Well done Ruger, sounds like you had a fantastic time!


----------



## youngdon (Mar 10, 2010)

You're gonna need a bigger ax for that firewood though lol
And is that a left handed Savage ?


----------



## Ruger (Jan 22, 2011)

It is a lefthanded Savage. I am right handed but extremely left eye dominant so I taught myself to shoot lefthanded. It was alot easier than I thought it would be.


----------



## youngdon (Mar 10, 2010)

I am also right handed and left eye dominant. One of these days I'll have to give a left handed gun a try, all my bolt guns are righty's.


----------



## Mattuk (Oct 16, 2010)

How does that matter when shooting a rifle?


----------



## youngdon (Mar 10, 2010)

Doing all the functions with your off hand is a bit different.


----------



## Mattuk (Oct 16, 2010)

But why do you have to look through the scope with your left eye and not your right? I don't understand, I'm also right handed and left master eye.


----------



## youngdon (Mar 10, 2010)

Because then my brain takes over and I don't see through the scope, unless I close my left eye that is.


----------



## Mattuk (Oct 16, 2010)

At the last moment I do close my left eye.


----------



## youngdon (Mar 10, 2010)

That would solve it then !


----------



## Antlerz22 (Apr 18, 2011)

Nice shooting Ruger, they can run fast eh!!! I emptied once on one with 4 rounds, the first being at 8 yds last at 35. Might go out Monday as my weekend dance card is filled at hunting times--sigh. Youre making me itchy to go--thx!


----------



## showmeyote (Dec 12, 2010)

Great Job congrats....


----------



## Call-In the Country (Oct 10, 2011)

Nicely done.
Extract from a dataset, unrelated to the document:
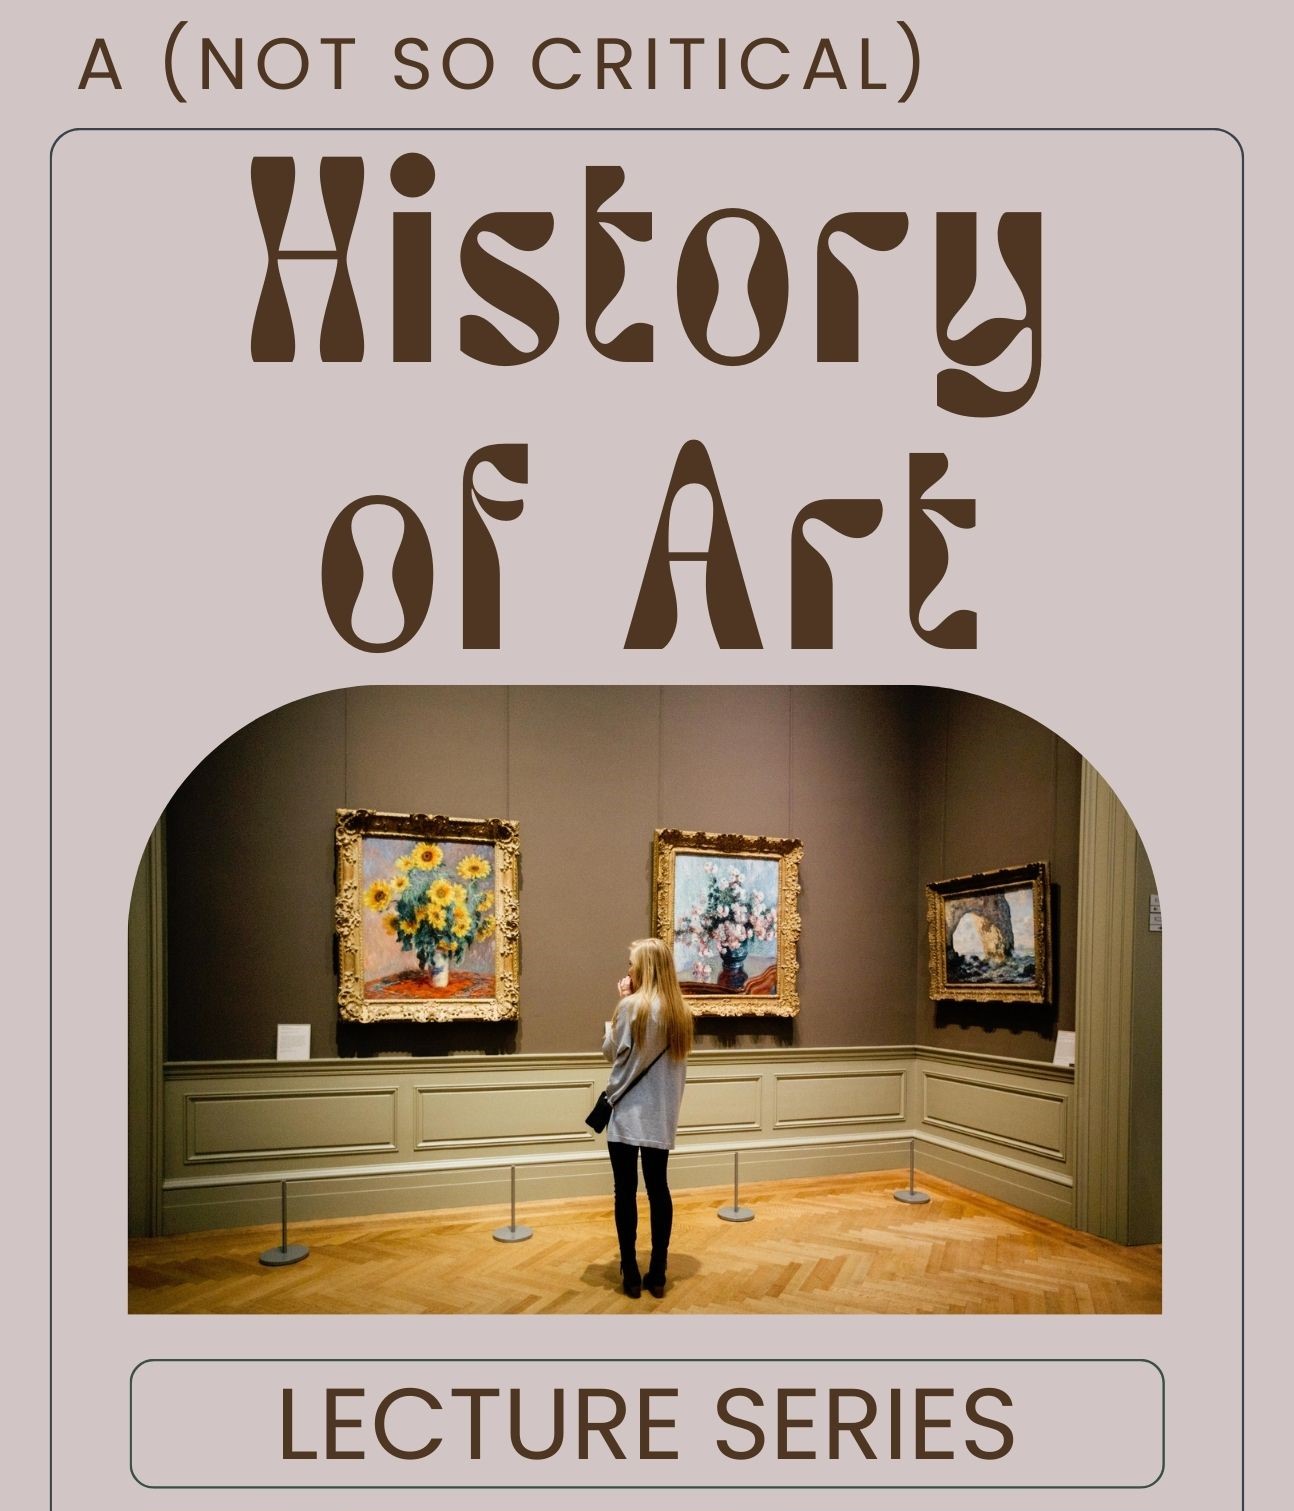 A (not so critical) History of art lecture series poster with image of a woman looking at paintings in an art museum

That coyote on the left looks like it's just taking a nap


----------



## ReidRH (Feb 1, 2010)

Awesome!! Ruger!!! I am Proud for ya Good shooting!!


----------



## singlesix (May 13, 2010)

Nice job Ruger what sound were you using?


----------



## Ruger (Jan 22, 2011)

When I took the double I was using lightning jack for about 10 minutes and then switched it over to dying jack. Its a sequence that has seemed to work well for me in the past. The other stands i was using adult cottontail and and grey fox fight or my Circe and Mountain Jerry's hand calls. Most calls seemed to be working pretty well that day. Really anxious to get out again, but the next few weeks are tied up in work and big-game seasons. Maybe I'll get the chance to sneak away for a day.


----------



## sell33 (Aug 5, 2010)

Good shooting Ruger! What caliber savage you shooting?


----------